Remote debugging is a very important technique for kernel development in
general: the basic idea is that the main debugger (GDB in this case) runs
separately from the program being debugged (the xv6 kernel atop QEMU) - they
could be on completely separate machines, in fact. The debugger and the target
environment communicate over some simple communication medium, such as a network
socket or a serial cable, and a small remote debugging stub handles the
"immediate supervision" of the program being debugged in the target environment.
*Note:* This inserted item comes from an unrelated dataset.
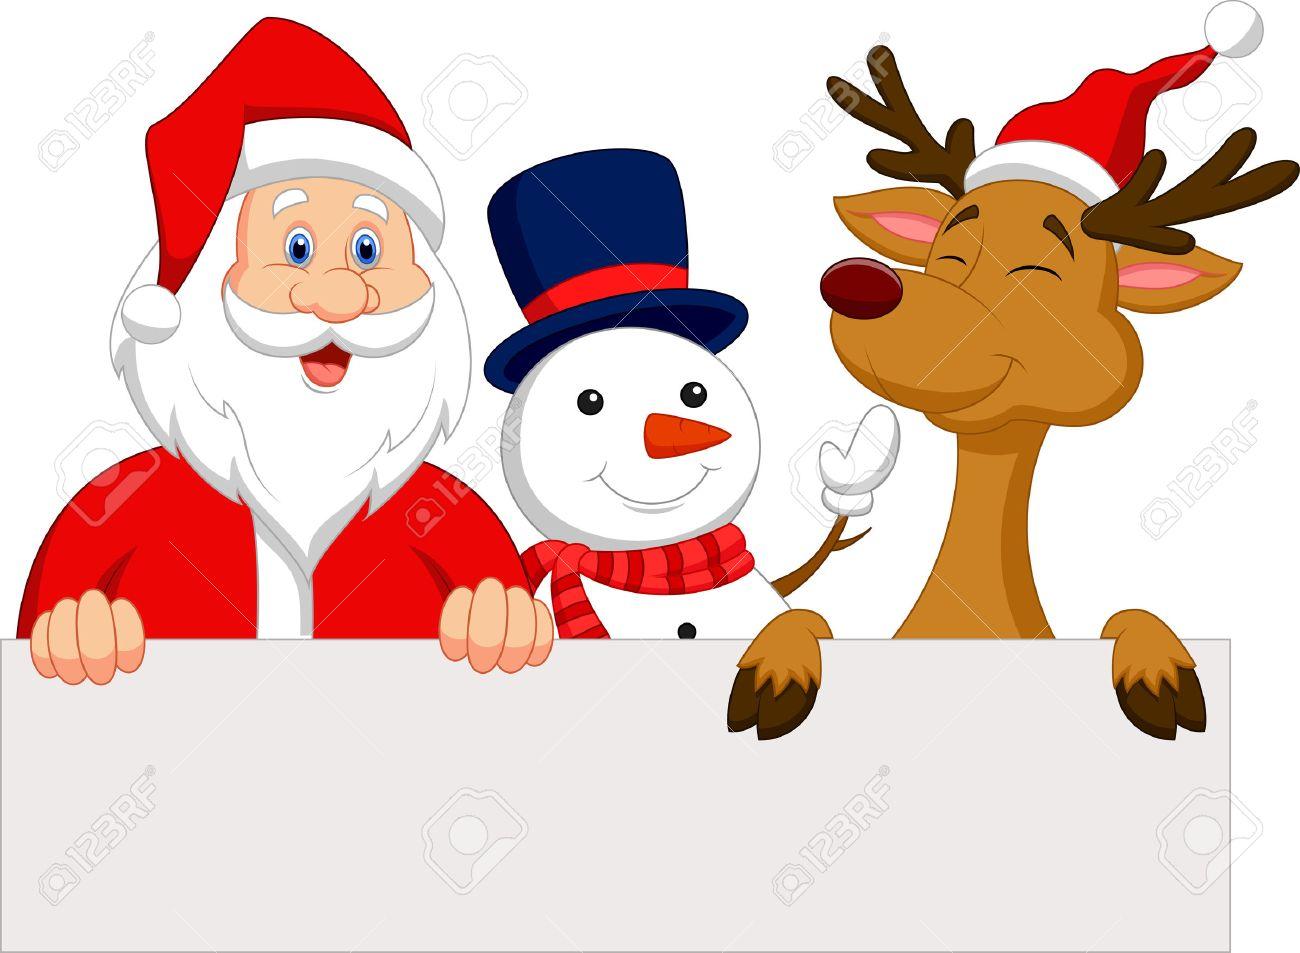 Uncategorized Imagenes Santa Claus cartoon santa claus reindeer and snowman with blank sign royalty stock vector 22466888

This way, the main debugger can be a large, full-featured program running in a
convenient environment for the developer atop a stable existing operating
system, even if the kernel to be debugged is running directly on the bare
hardware of some other physical machine and may not be capable of running a
full-featured debugger itself.
In this case, a small remote debugging stub is typically embedded into the
kernel being debugged; the remote debugging stub implements a simple command
language that the main debugger uses to inspect and modify the target program's
memory, set breakpoints, start and stop execution, etc. Compared with the size
of the main debugger, the remote debugging stub is typically miniscule, since it
doesn't need to understand any details of the program being debugged such as
high-level language source files, line numbers, or C types, variables, and
expressions: it merely executes very low-level operations on behalf of the much
smarter main debugger.
You will notice that while a window appears representing the virtual machine's
display, nothing appears on that display: that is because QEMU initialized the
virtual machine but stopped it before executing the first instruction, and is
now waiting for an instance of GDB to connect to its remote debugging stub and
supervise the virtual machine's execution. In particular, QEMU is listening for
connections on a TCP network socket, at the port whose number is set according
to the value of the environment variable GDBPORT, which is declared in the
Makefile in this example, because of the -p 26000 in the qemu command line
above.
To start the debugger and connect it to QEMU's waiting remote debugging stub,
open a new, separate terminal window,
change to the same xv6 directory, and type:
$ gdb kernel
GNU gdb (GDB) 6.8
Copyright (C) 2009 Free Software Foundation, Inc.
...
Reading symbols from /Users/ford/cs422/xv6/kernel...done.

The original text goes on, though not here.